NB: This section is technical and will not be of interest to a lot of users. Please feel free to skip it!

NiftyReg has its origins in medical imaging, and as such it natively uses a data structure specific to the NIfTI-1 file format. RNiftyReg uses the standard NIfTI-1 library to read, write and manipulate these data structures, which is fast and well-tested.

Importantly, the package does not fully duplicate the NIfTI-1 structure's contents in R-visible objects. Instead, it passes key metadata back to R, such as the image dimensions and pixel dimensions, and it also passes back the pixel values where they are needed. It also creates an external pointer to the native data structure, which is stored in an attribute. This pointer is dereferenced whenever the object is passed back to the C++ code, thereby avoiding unnecessary duplication and ensuring that all metadata remains intact. The full NIfTI-1 header can be obtained using the dumpNifti R function, if it is needed.

This arrangement is efficient and generally works well, but many R operations strip attributes—in which case the external pointer will be removed. The internal structure will be built again when necessary, but using default metadata. In these cases, if it is important to keep the original metadata, the updateNifti function should be called explicitly, with a template object. This reconstructs the NIfTI-1 data structure, using the template as a starting point.

RNiftyReg 2.0.0 is a more-or-less complete rewrite of the package, with the goals of simplifying both the package's dependencies and its usage. The upstream NiftyReg code has also been updated. However, it should still be possible to read and use transformations created using RNiftyReg 1.x.

The core changes are

• The oro.nifti package is no longer needed, nor used for reading and writing NIfTI files (RNiftyReg now offers readNifti and writeNifti, which are much faster). However, objects of S4 class nifti can still be used with the package if desired.

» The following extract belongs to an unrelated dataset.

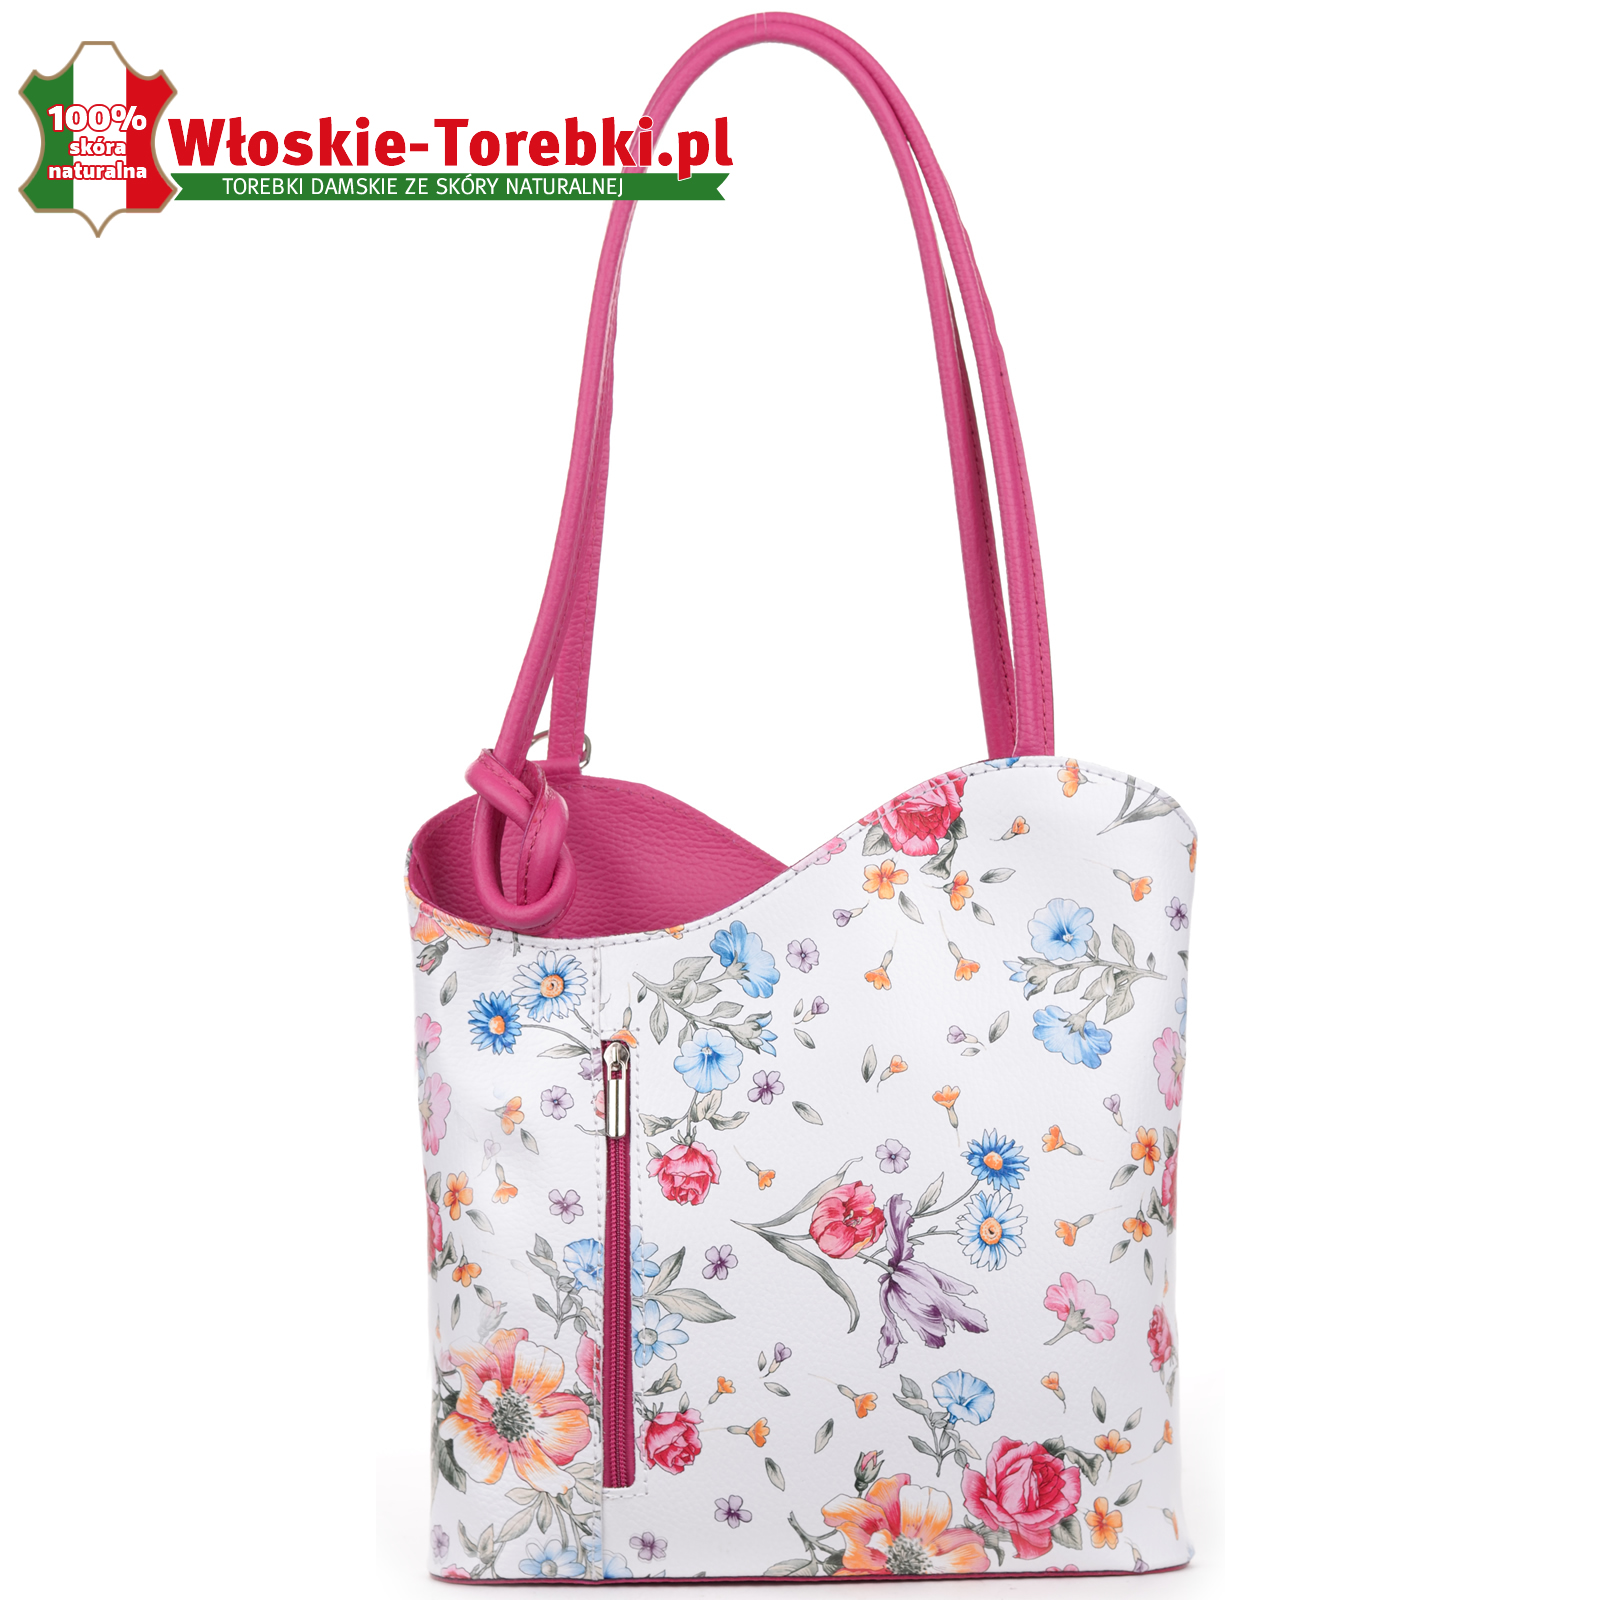 Biało - różowa torebka w kwiaty torboplecak Velia

Functions return either plain R arrays with attributes or bare-bones internalImage objects, which contain only some basic metadata and a pointer to a C-level data structure.
• There are new functions for halving a transform (halfTransform), composing two transforms (composeTransforms), and building an affine transform from scratch (buildAffine).
• Registration is now symmetric by default (for both linear and nonlinear), a newer symmetric nonlinear approach is now used, and default cost function weights have been tweaked. Therefore, the arguments to the core niftyreg function, and its linear and nonlinear special cases, have changed in both name and defaults. See ?niftyreg and related help pages for details.
• It is no longer necessary to use functions specific to transform type to perform many operations. For example, the work of the old applyAffine, applyControlPoints, transformWithAffine and transformWithControlPoints functions is done by the flexible new applyTransform function. The forward and reverse transforms can always be obtained from a registration using the new forward and reverse functions, no matter what their type is. However, some affine-only functions, such as decomposeAffine, retain their names.
• The affineType attribute has gone, and convertAffine is no longer a user-visible function. All affine matrices are stored using the NiftyReg convention. FSL-FLIRT affines can still be read in, but they are converted to NiftyReg convention immediately. In addition, source and target image information is attached to the transforms in attributes, and so does not need to be specified in most function calls.